The key point is that interchanging a series and an integral is the same as interchanging two integrals, and Fubini's theorem applies. –  Carl Mummert Jul 3 '12 at 15:02

I would like to show an example how we can change ∫ to ∑

If a real-valued function $f(t)$ is infinitely differentiable at $0 \leq t \leq x$ and the whole high order derivative values are defined at 0≤t≤x.

Firstly , we can write Maclaurin series of $f(t)$ at point $t=0$ If a real-valued function f is infinitely differentiable at $t=0$ and the whole high order derivative values are defined.

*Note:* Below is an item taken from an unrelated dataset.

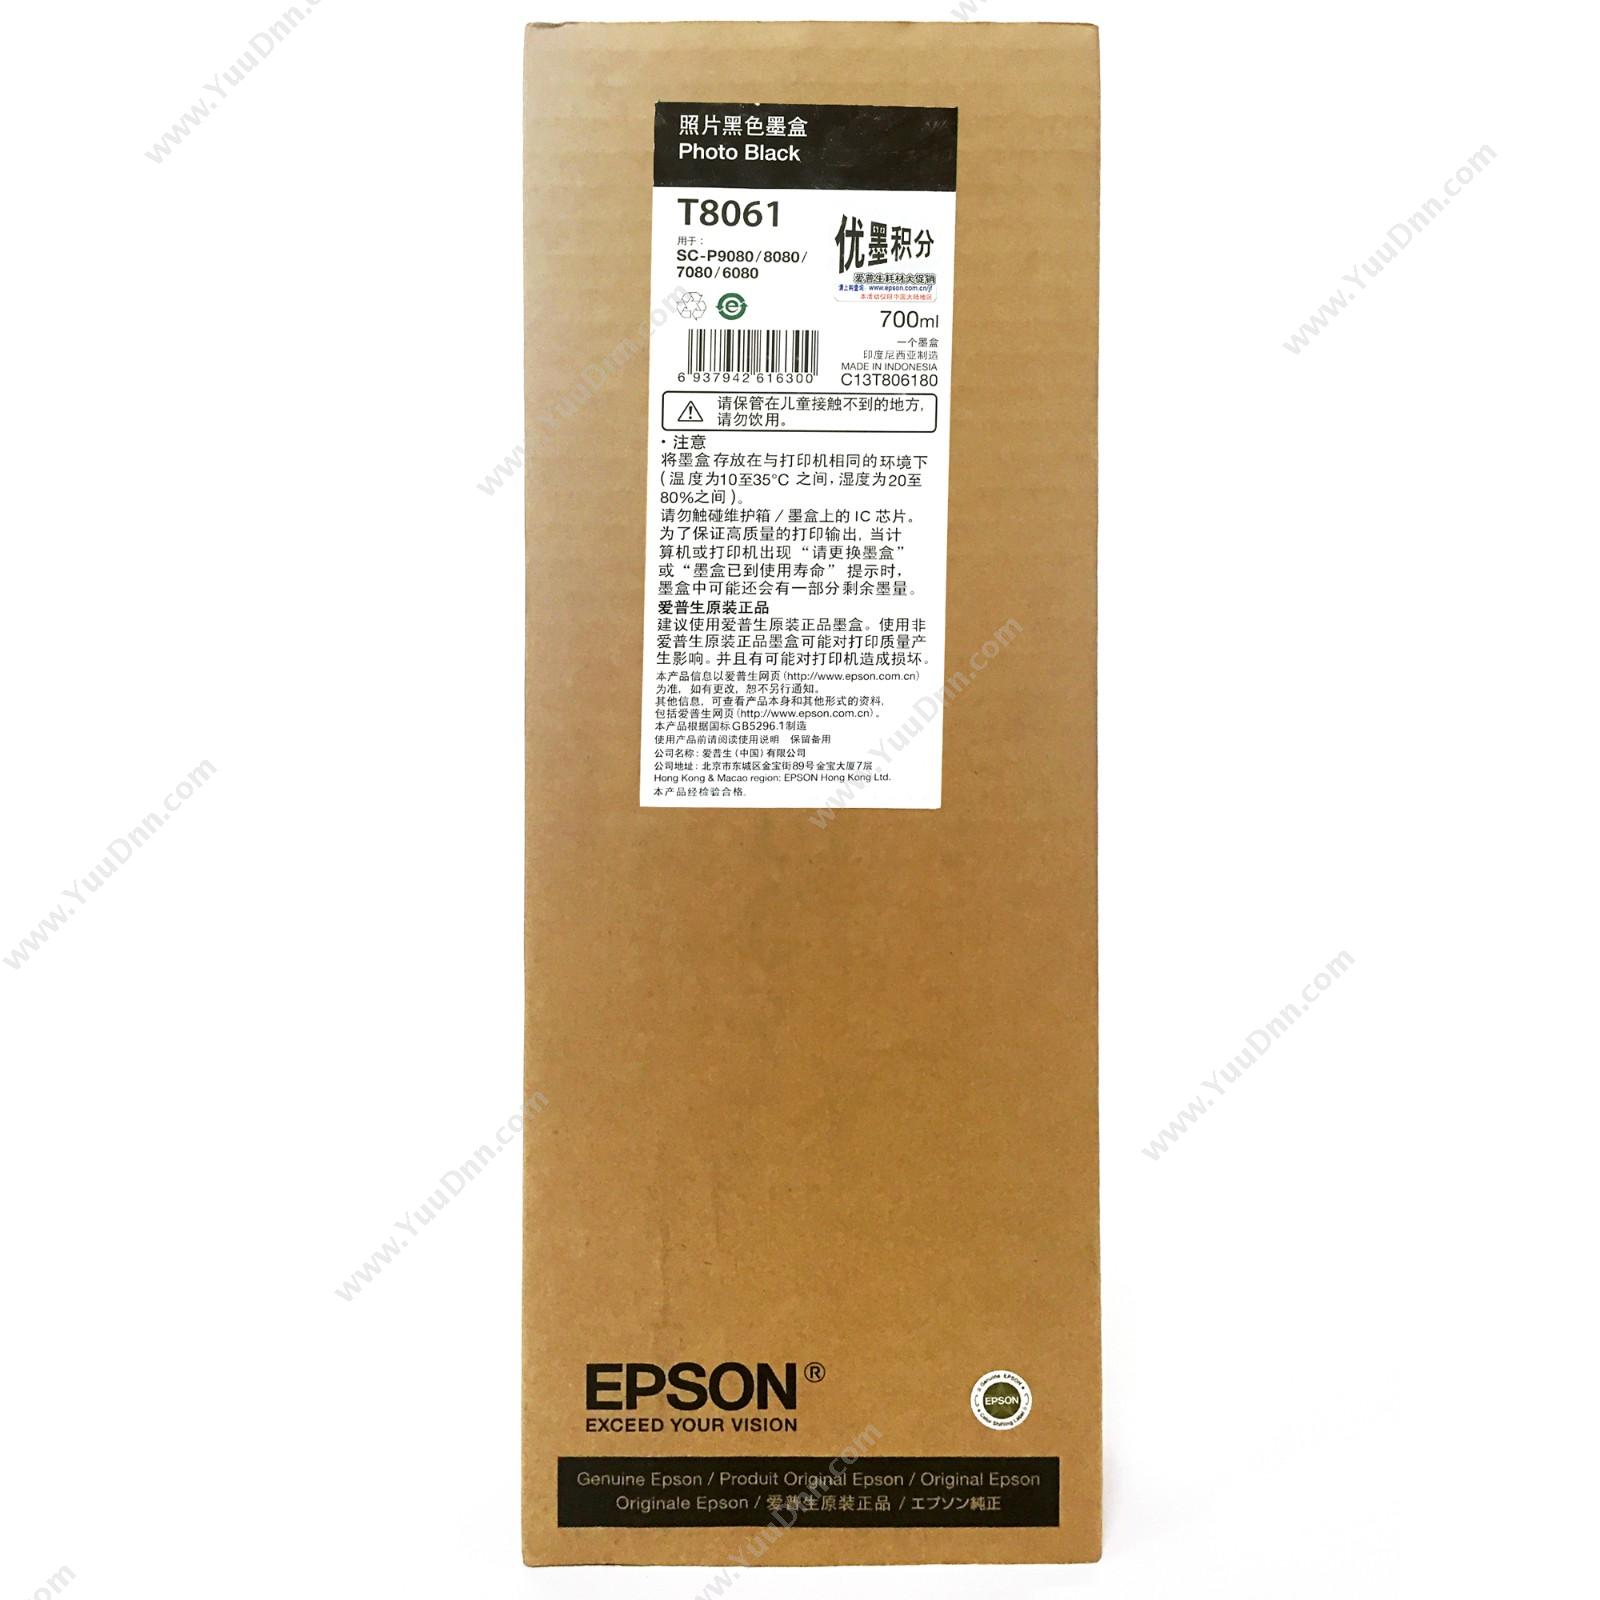 爱普生 Epson P9080照片黑墨700ml（C13T806180） 墨粉/墨粉盒
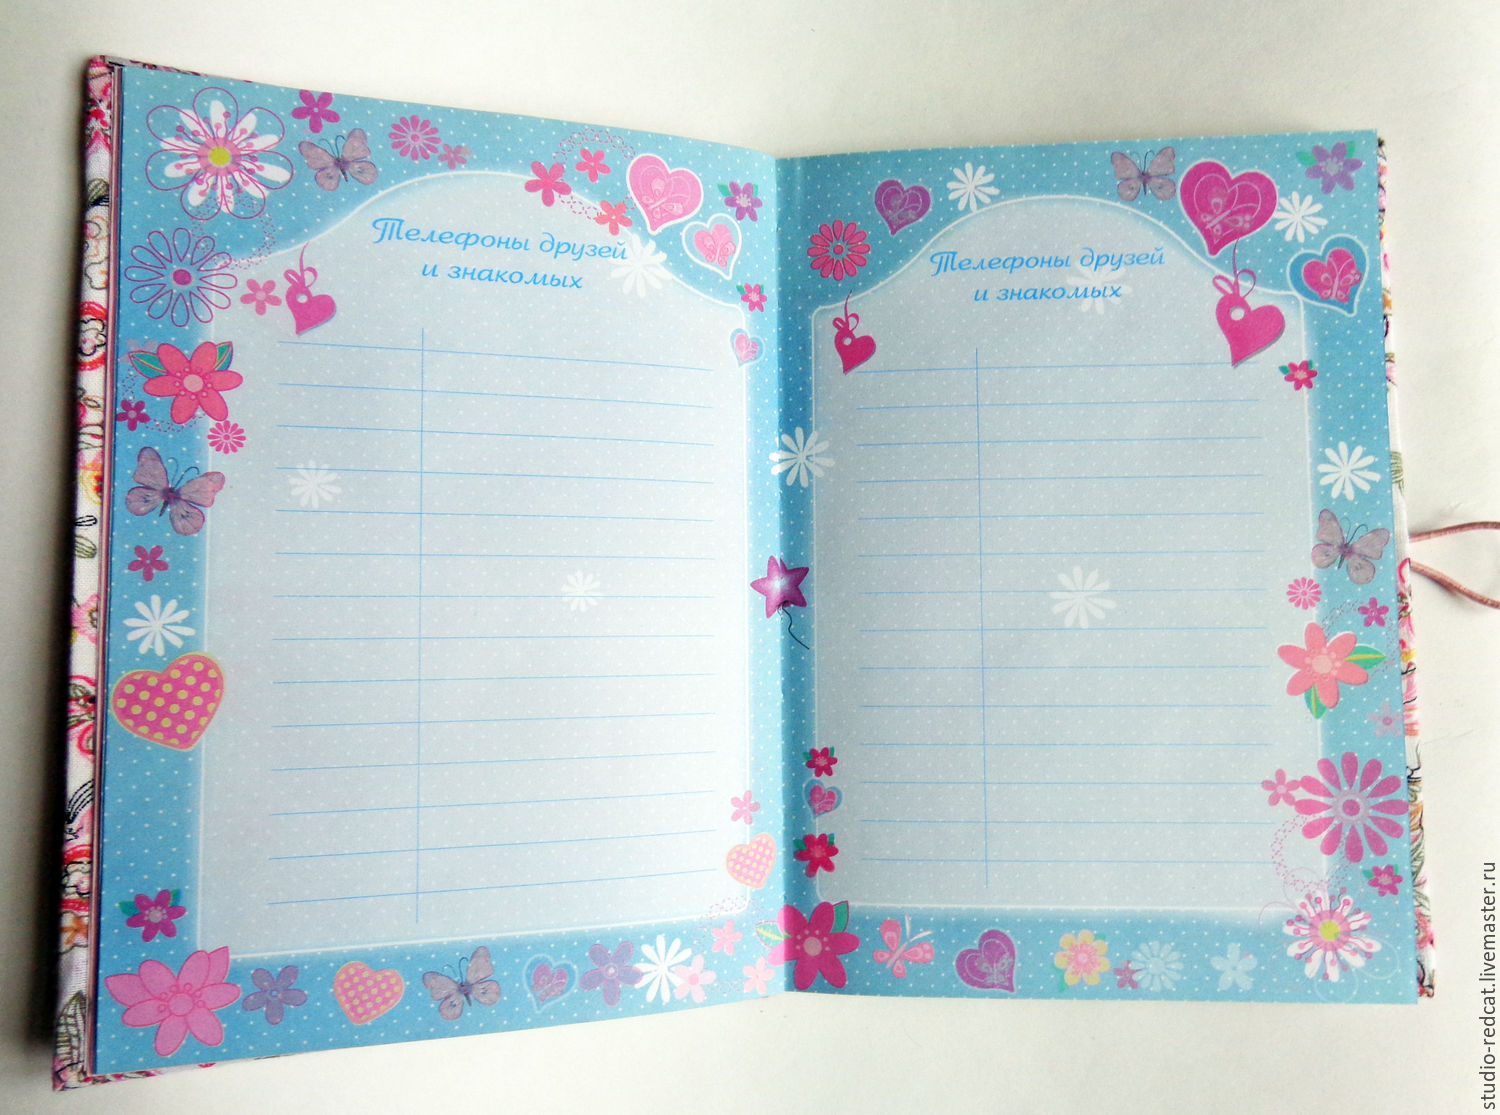 Найти дневник детям. Дневник для девочек. Личные дневники для девочек. Дневничок для девочек. Личный дневничок для девочек.

Maclaurin series of $f(t)$ at point $t=0$:

$ f(t) =f(0)+\frac{f'(0)t}{1!}+\frac{f''(0)t^2}{2!}+.....=\sum_{n=0}^{\infty} \frac{f^{(n)}(0)}{n!} t ^n $

$$\int _0^x {f(t) dt}=\int _0^x(\sum_{n=0}^{\infty} \frac{f^{(n)}(0)}{n!} t^n)dt=\sum_{n=0}^{\infty} (\frac{f^{(n)}(0)}{n!}\int _0^x t^n dt)=\sum_{n=0}^{\infty} (\frac{f^{(n)}(0)}{n!}\frac{x^{n+1}}{n+1})$$ $$\int _0^x {f(t) dt}=\sum_{n=0}^{\infty} \frac{f^{(n)}(0)x^{n+1}}{(n+1)!}$$ $$(1)$$


$$f(\frac{kx}{n})=\sum_{m=0}^{\infty} \frac{f^{(m)}(0)}{m!} (\frac{kx}{n})^m$$ $$\sum \limits_{k=1}^{n} k^m=\frac{n^{m+1}}{m+1}+a_mn^m+....+a_1n=\frac{n^{m+1}}{m+1}+\sum \limits_{j=1}^m a_jn^j$$ where $a_j$ are constants. More information about summation http://en.wikipedia.org/wiki/Summation

$$\lim_{n\to\infty} \frac{x}{n}\sum \limits_{k=1}^n f(\frac{kx}{n})=\lim_{n\to\infty} \frac{x}{n}\sum \limits_{k=1}^n \sum_{m=0}^{\infty} \frac{f^{(m)}(0)}{m!} (\frac{kx}{n})^m=\lim_{n\to\infty} \frac{x}{n}\sum_{m=0}^{\infty} \frac{x^m}{n^m} \frac{f^{(m)}(0)}{m!} \sum \limits_{k=1}^n k^m=\lim_{n\to\infty} \frac{x}{n}[f(0)n+\frac{f'(0)x}{n 1!}(\frac{n^2}{2}+\frac{n}{2})+ \frac{f''(0)x^2}{n^2 2!}(\frac{n^3}{3}+\frac{n^2}{2}+\frac{n}{6})+\frac{f'''(0)x^3}{n^3 3!}(\frac{n^4}{4}+\frac{n^3}{2}+\frac{n^2}{4})+\frac{f^{(4)}(0)x^4}{n^4 4!}(\frac{n^5}{5}+\frac{n^4}{2}+\frac{n^3}{3}-\frac{n}{30})+...... ]= \lim_{n\to\infty} [f(0)x+\frac{f'(0)x^2}{n^2 1!}(\frac{n^2}{2}+\frac{n}{2})+ \frac{f''(0)x^3}{n^3 2!}(\frac{n^3}{3}+\frac{n^2}{2}+\frac{n}{6})+\frac{f'''(0)x^4}{n^4 3!}(\frac{n^4}{4}+\frac{n^3}{2}+\frac{n^2}{4})+\frac{f^{(4)}(0)x^5}{n^5 4!}(\frac{n^5}{5}+\frac{n^4}{2}+\frac{n^3}{3}-\frac{n}{30})+...... ]= [f(0)x+\frac{f'(0)x^2}{ 2!}+ \frac{f''(0)x^3}{ 3!}+\frac{f'''(0)x^4}{ 4!}+\frac{f^{(4)}(0)x^5}{ 5!}+...... ]$$

$$\lim_{n\to\infty} \frac{x}{n}\sum \limits_{k=1}^n f(\frac{kx}{n})=\sum_{m=0}^{\infty} \frac{f^{(m)}(0)x^{m+1}}{(m+1)!}$$ $$(2)$$

Equation $(1)$ and equation $(2)$ are equal to each other. The proof is completed.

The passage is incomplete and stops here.